Figures 17 and 18 show the dependence of the indentation pressure on νc for the three different indentor sizes γ, for both values of E. Fig. 17 shows the data from the reference data set which is compared to the limit A → ∞ from the uniaxial compression, for which Eq. (30) is plotted in there. Fig. 18 shows the results for the scaled simulations. In both cases, a size effect due to different values of A is observed. Penetration with a smaller size leads to a higher pressure. Three values of γ are however not sufficient to verify the A−1/2 dependence, but in the limit of large A the data is consistent with the macroscopic compression strength.

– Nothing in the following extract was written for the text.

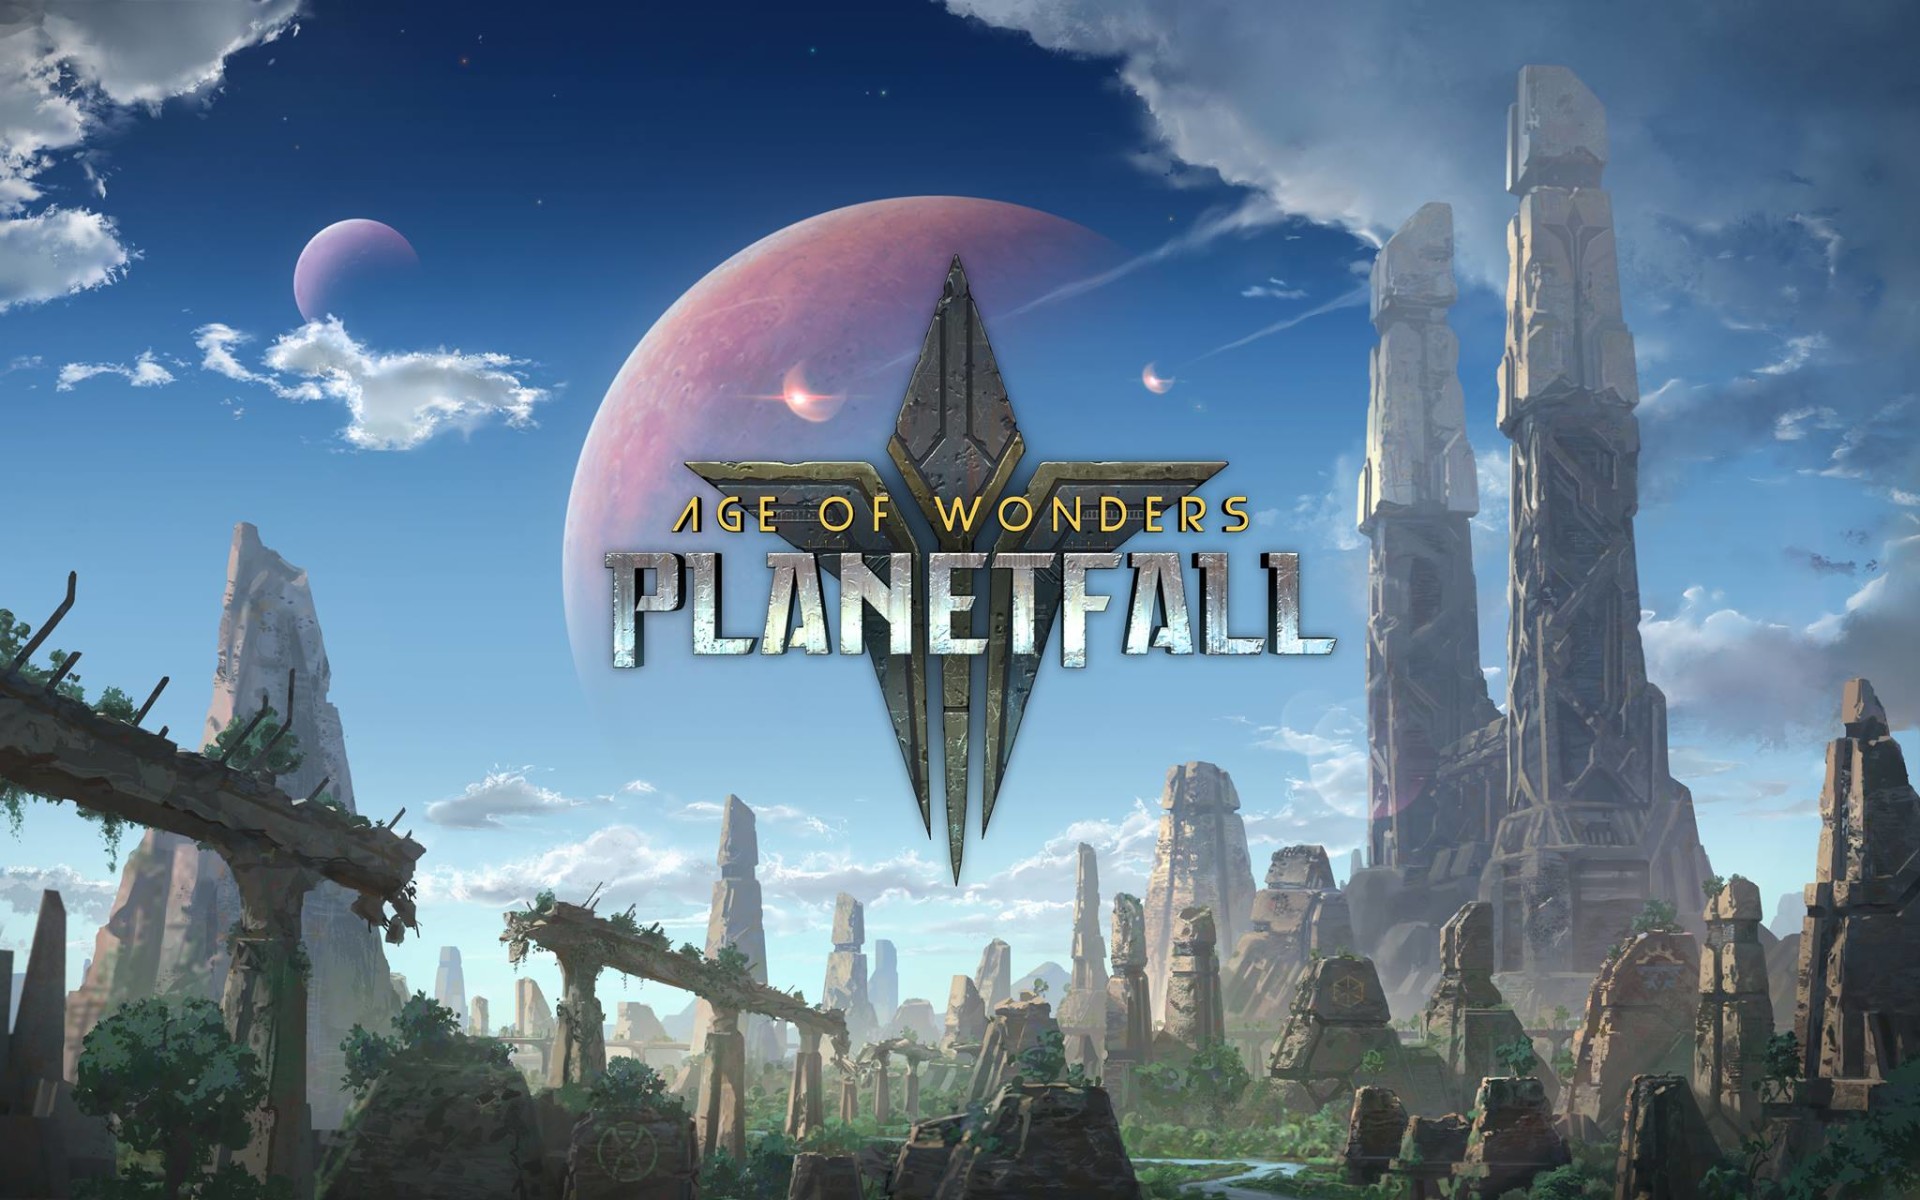 age of wonders planetfall online multiplayer could not login

All figures in the present section will contain datapoints that correspond to certain values of φ, τ and γ. Unless specified explicitly, we follow a consistent scheme: A datapoint is always the mean over the three realizaztions that share the same parameters. Different colors will represent the different values of γ: 2 (red), 4 (green) and 6 (blue). Different markers will represent the different values of φ: 0.20 (circle), 0.25 (cross), 0.30 (star), 0.35 (square). Since the simulations for the scaled dataset were performed in a smaller box of size L0 = 0.01, the force will always be normalized by a squared lengthscale in the system. Thereby the comparison in magnitude of force can be made between simulations of the reference and the scaled dataset.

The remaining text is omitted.